I'm thinking there are examples where tuning for "the dip in impedance" may not put you close to resonance. Take any antenna that uses an inductor at its base with a tap point on it that connects to the feedline. Could be anything from your Wilson 1000 mag mount to your Maco V-58. These matching networks are nothing more than RF versions of the basic auto transformer.

I base my knowledge on the ever growing collection of antenna books I have (new and old) and even more so from my experience with working with antennas. I have done my share of tuning and building in the past. I have several designs in my head that I will hopefully get a chance to build and play with next year that would potentially build on what I already know.

Is it possible I am wrong on this? I cannot say no. I can only put forth what my experience (I'll be it limited compared to some on this forum) has shown me, and that is when you have a resonant point you also have a low impedance point. I have also been careful not to make any specific claims on what that low impedance value may be.

The closer you move the tap point towards the grounded side of the inductor, the lower the impedance will be. You could continue to lower the impedance until you've reached a short. You want the impedance to match the feedline but that doesn't guarantee resonance has been achieved either.
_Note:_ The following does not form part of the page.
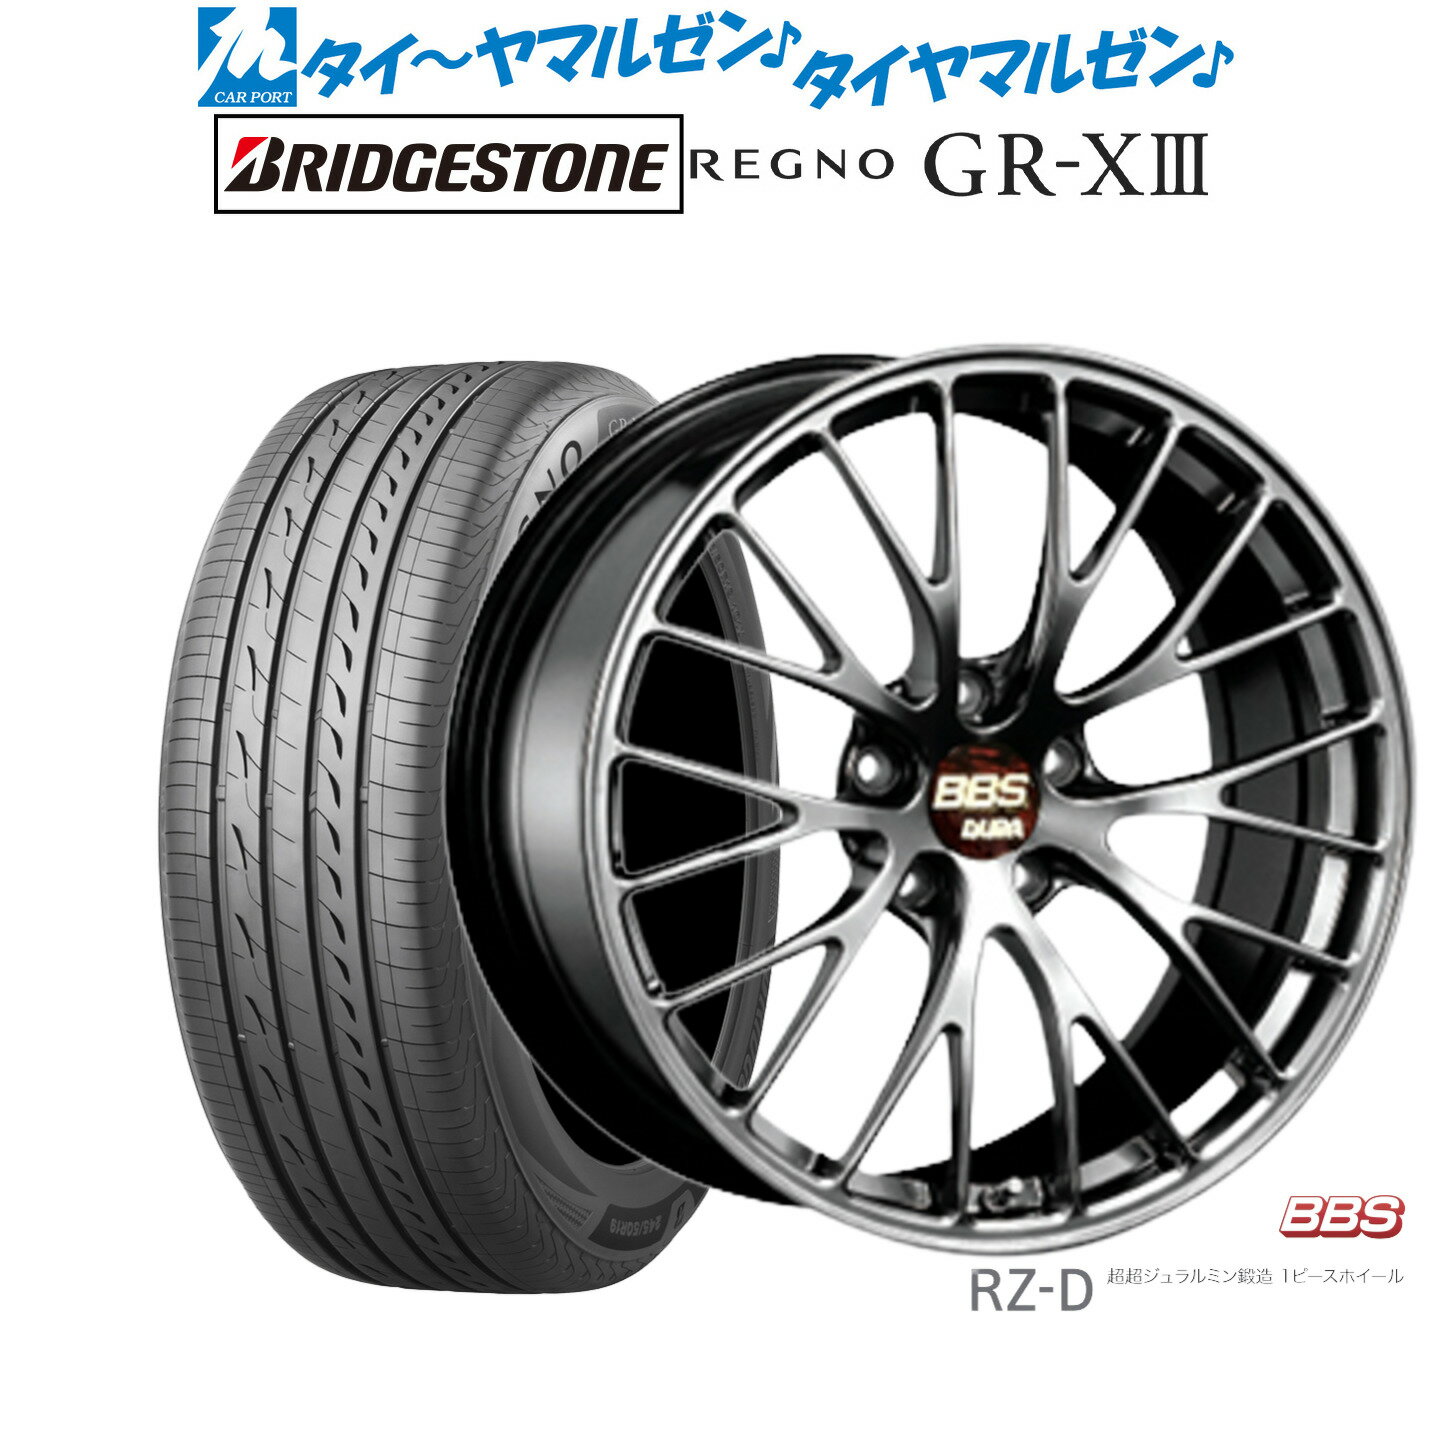 [5/20]割引クーポン配布新品 サマータイヤ ホイール4本セットBBS JAPAN RZ-D20インチ 8.5Jブリヂストン REGNO レグノ GR-XIII(GR-X3)245/35R20

I don't think what you said and what I said are mutually exclusive here. I am not arguing that adjusting the tap point will change how big the dip in impedance is, however there are other changes happening here as well. For example, adjusting the tap also changes the low impedance frequency, and the resonant frequency follows suit. This is why when tuning these antennas you not only adjust the tap but the overall length to achieve the feed line impedance as well as resonance.
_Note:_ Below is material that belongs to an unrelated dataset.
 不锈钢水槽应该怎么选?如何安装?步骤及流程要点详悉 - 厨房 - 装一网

NOTE: I have never pushed this setup to its extremes, however, I don't see tuning it to a very high or low impedance changing anything here.

You could take a center fed gamma matched dipole such as the Sirio S-27 and adjust its elements length so that it was no longer resonant. At the same time you could adjust that gamma match to show a wide range of impedance including 50 ohms without resonance.
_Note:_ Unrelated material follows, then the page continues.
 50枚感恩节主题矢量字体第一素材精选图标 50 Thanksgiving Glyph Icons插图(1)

I am well aware that it is possible by any number of means to tune the impedance of a non-resonant frequency to a wide range of impedances. In theory you can match the impedance of (insert any conductive item here) to any feed line impedance with some form of tuner/matching unit at any frequency. I fail to see what this has to do with what I said. Can I get more information on how this relates?


The DB

 

[Shockwave]

Many antennas deal with resonance and impedance matching as totally separate areas. Where the length of the radiator will determine resonance and the tap on the transformer or gamma controls the impedance.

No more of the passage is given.